When TRUE is returned, warnings are treated the same as errors and cause parsing, validation, and so on, to stop immediately. By default, warnings are issued but the processing continues.

Syntax

boolean getStopOnWarning() const;

Returns

(boolean) TRUE if document processing stops on warnings


getWarnDuplicateEntity()

Get if entities which are declared more than once will cause warnings to be issued.

Syntax

boolean getWarnDuplicateEntity() const;

Returns

(boolean) TRUE if multiple entity declarations cause a warning


setBaseURI()

Sets the base URI for the document. Usually only documents that were loaded from a URI will automatically have a base URI. Documents loaded from other sources (stdin, buffer, and so on) will not naturally have a base URI, but a base URI may have been set for them using setBaseURI, for the purposes of resolving relative URIs in inclusion.

Syntax

void setBaseURI( oratext* par);
Parameter Description
par
base URI


setDiscardWhitespaces()

Sets if formatting whitespaces between elements (newlines and indentation) in input documents are discarded. By default, ALL input characters are preserved.

Syntax

void setDiscardWhitespaces(
   boolean par_bool);
Parameter Description
par_bool
TRUE if whitespaces should be discarded


setExpandCharRefs()

Sets if character references should be expanded in the DOM data. Ordinarily, character references are replaced by the character they represent. However, when a document is saved those characters entities do not reappear. To ensure they remain through load and save is to not expand them.

Syntax

void setExpandCharRefs( 
   boolean par_bool);
Parameter Description
par_bool
TRUE if character references should be discarded


setSchemaLocation()

Sets schema location for this document. It is used to figure out the optimal layout when loading documents into a database.

Syntax

 void setSchemaLocation(
   oratext* par);
Parameter Description
par
schema location


setStopOnWarning()

When TRUE is set, warnings are treated the same as errors and cause parsing, validation, and so on, to stop immediately. By default, warnings are issued but the processing continues.

Syntax

void setStopOnWarning( 
   boolean par_bool);
Parameter Description
par_bool
TRUE if document processing should stop on warnings


ParserException Interface

Table 5-4 summarizes the methods available through the ParserException interface.

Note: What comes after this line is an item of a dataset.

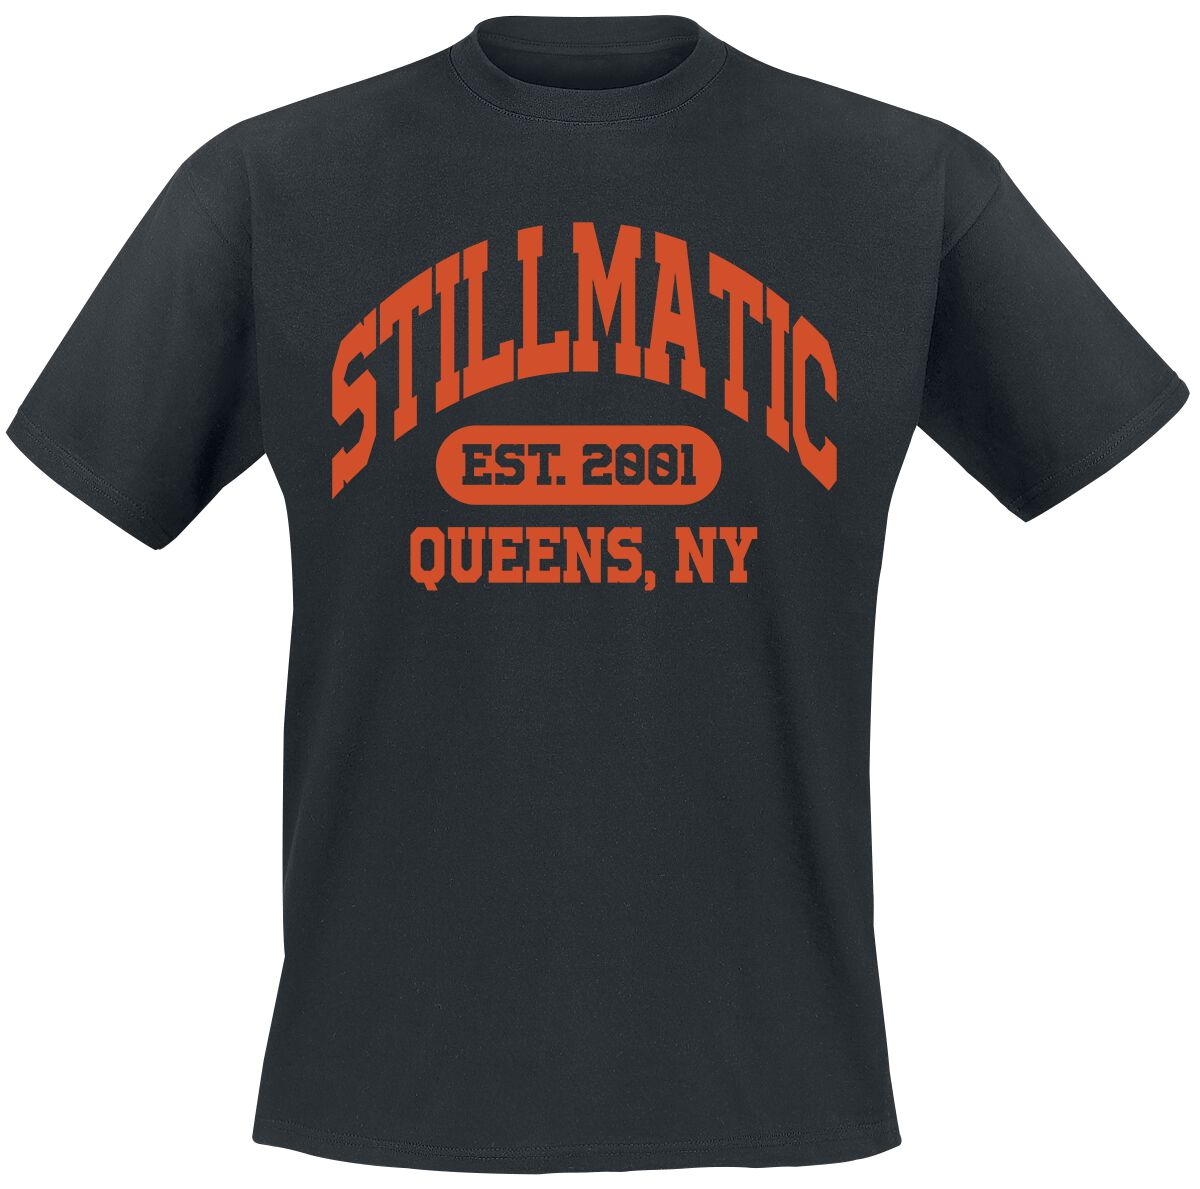 Nas - T-Shirt Stillmatic Queens

Table 5-4 Summary of ParserException Methods; Parser Package

Function Summary

getCode()

Get Oracle XML error code embedded in the exception.

getMesLang()

Get current language (encoding) of error messages.

getMessage()

Get Oracle XML error message.

getParserCode()

Get parser exception code embedded in the exception.



getCode()

Virtual member function inherited from XmlException.

Syntax

virtual unsigned getCode() const = 0;

Returns

(unsigned) numeric error code (0 on success)


getMesLang()

Virtual member function inherited from XmlException.

Syntax

virtual oratext* getMesLang() const = 0;

Returns

(oratext*) Current language (encoding) of error messages


getMessage()

Virtual member function inherited from XmlException.

Syntax

virtual oratext* getMessage() const = 0;

Returns

(oratext *) Error message


getParserCode()

This is a virtual member function that defines a prototype for implementation defined member functions returning parser and validator exception codes, defined in ParserExceptionCode, of the exceptional situations during execution.

Syntax

virtual ParserExceptionCode getParserCode() const = 0;

Returns

(ParserExceptionCode) exception code


SAXHandler Interface

Table 5-5 summarizes the methods available through the SAXHandler interface.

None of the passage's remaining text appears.